From ‘Gilligan’s Island’ to ‘Steel Magnolias,’ Dawn Wells is grateful for a career graced with love from fans 


A few years ago, Dawn Wells was traveling by canoe through a remote part of the Solomon Islands with a group of friends. And just like the conditions Wells faced as Mary Ann on “Gilligan’s Island,” the surroundings were primitive. 

No phone. No lights. No motor car. Not a single luxury.  

“There was no electricity, no running water and all the little huts were set on stilts,” Wells recalls. “And there in the village, the chief’s wife pointed at me and said, ‘I know you – as a little girl, I lived in the capital. I used to go home after school and watch you in black and white!’” 

It’s a familiar occurrence for Wells, whose three years as farm girl Mary Ann Summers on the popular 1960s sitcom bestowed upon her TV immortality. 

“I can’t go anywhere in the world without people knowing (Gilligan’s Island),” Wells told the Recorder in an interview last week during rehearsals for The Alhambra production of “Steel Magnolias.”  

“And I’m greeted with love everywhere I go.” 

Unlike some actors who resent being so closely associated with one particular role, Wells expresses nothing but gratitude for the show that made her a household name and earned her generations of fans. And she has strong words for actors who complain about being similarly recognized. 

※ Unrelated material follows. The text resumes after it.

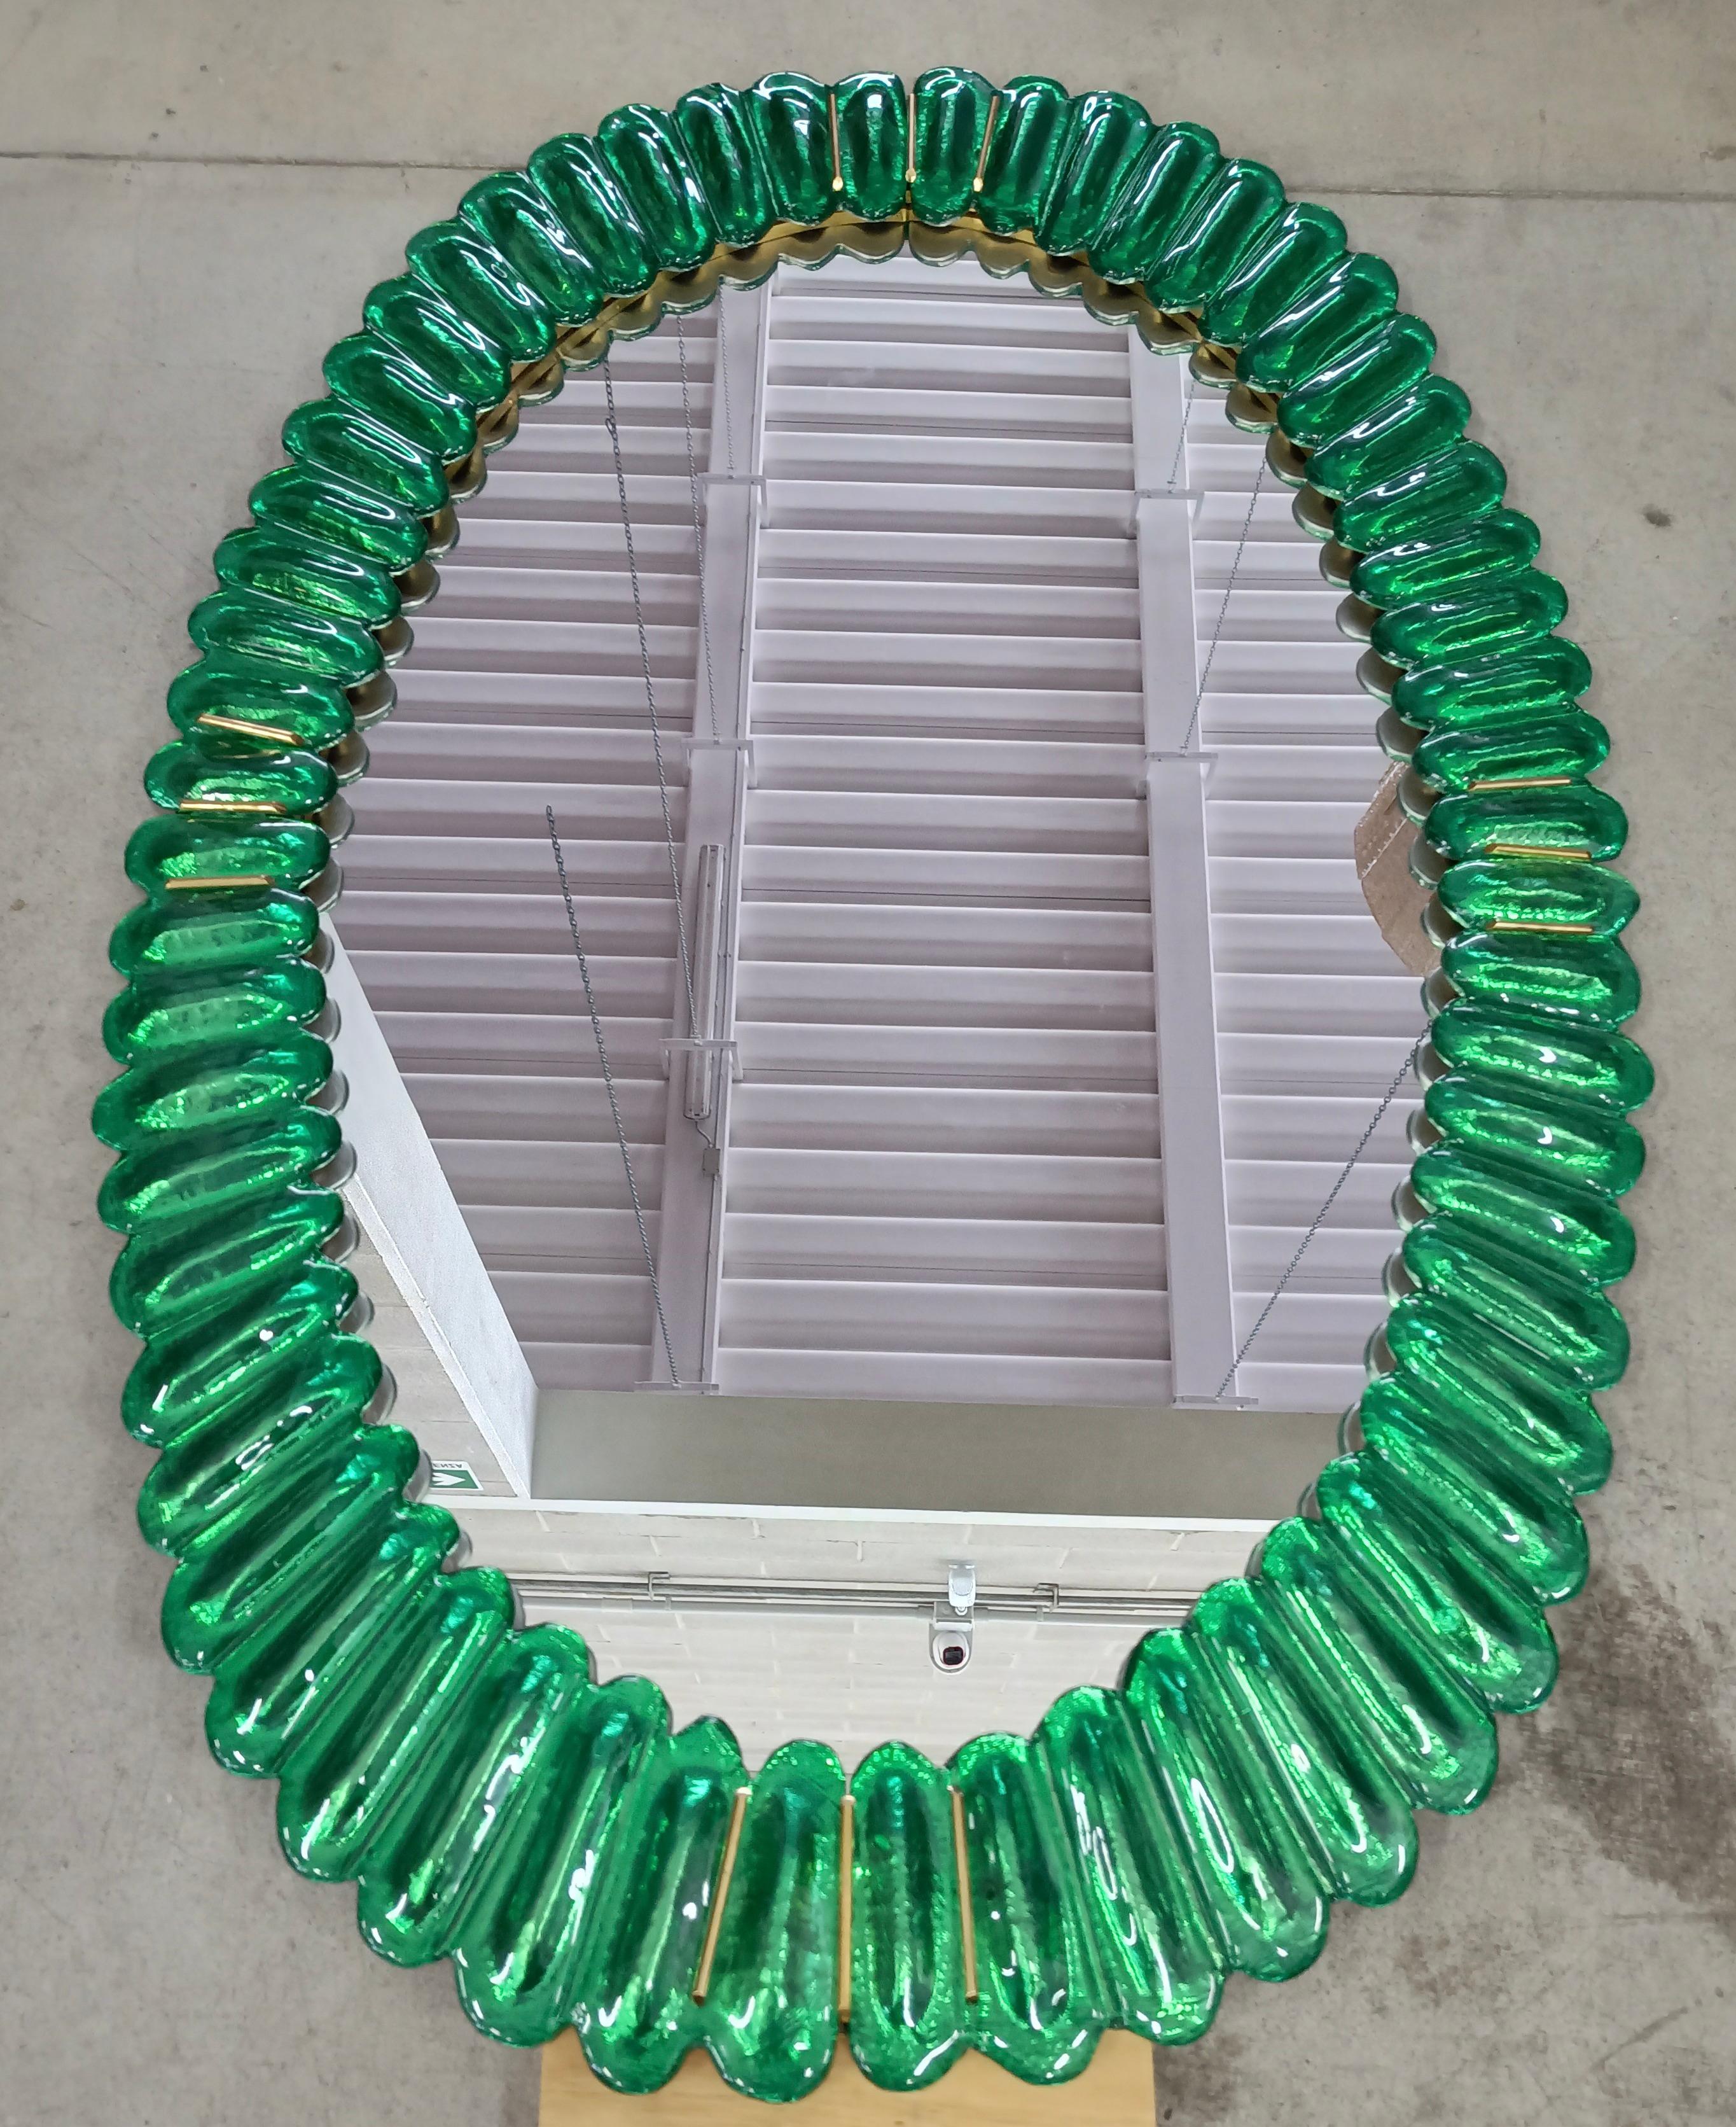 Stunning mirror in blazing Emerald color Murano glass, Venice. A mirror that alone will furnish your home environment.

The mirror has a rear structure in wood, on which four Murano emerald color glass sections are mounted to form an oval as in the

“Get over it,” Wells said. “How selfish can they be? You’ve made the money. You’ve got the following and you’re respected in the industry. Why would you put that down?” 


TV castaway 

A former Miss Nevada who competed in the Miss America pageant, Wells arrived in Los Angeles in the early 1960s fresh out of the University of Washington, where she majored in theatre. After landing a role in a play with Mercedes McCambridge and Leon Ames, Wells was spotted by an agent and soon was doing television parts on series such as “Wagon Train” and “77 Sunset Strip.” And when producers were looking for a new face to replace the original actress who appeared in the pilot for “Gilligan’s Island,” Wells fit the bill. 

“I was the ingénue, the farm girl,” Wells said. “In those days, you wouldn’t have cast me as anything but the ingénue. Actresses today have all kinds of opportunities. It isn’t as much about beauty.” 

To the astonishment of everyone involved, “Gilligan’s Island” became an instant hit. And while the show would only run for three years in prime time, its popularity in reruns has endured for decades, earning the series generations of fans. 

Wells attributes part of the show’s appeal to its premise. 

“It’s kind of that Robinson Crusoe thing,” she said. “I think we’ve all had that fantasy. What would it be like to live on an island and survive? And it takes you back to your childhood.” 

The show’s memorable cast of characters also contributed to its following, she added. 

“The chemistry among the seven of us was perfect,” she said. “It was perfect casting and the talent was wonderful. Bob Denver (as Gilligan) was a genius at physical comedy.” 

On a deeper level, Wells believes the show was a metaphor for the wider world. 

“It was seven different people thrown together getting along, and that’s what the world is – seven continents trying to get along,” she said. “The world is all one place now, and I think we are all more alike than we are different.” 

After “Gilligan’s Island” ended, Wells focused her talents on the theatre, appearing in numerous stage productions, including “The Owl and the Pussycat,” “The Lion in Winter” and the musical “They’re Playing Our Song.” 

“The stage is my real love,” she said. “You’re sharing your soul.” 

One of her first post-Gilligan’s Island theatrical appearances was at The Alhambra, where she starred in a 1969 production of “Barefoot in the Park,” once again playing the ingénue. Her return to The Alhambra’s stage as part of its 50th anniversary season in “Steel Magnolias” finds Wells portraying Ouiser Boudreaux – a role that is a distinct departure from loveable Mary Ann.  

“She’s a curmudgeon,” Wells said of the role portrayed in the film version by Shirley Maclaine. “She’s cranky.” 

After countless stage and screen performances over her many years in show business, Wells continues to appreciate the opportunity to share her talents with audiences around the world. 

“I’m very grateful,” said Wells, before offering some advice to aspiring thespians. 

“Life is what you make of it,” she said. “What you put into it, you get back. Work hard. Be prepared. Do your homework. And remember it’s not all about you.”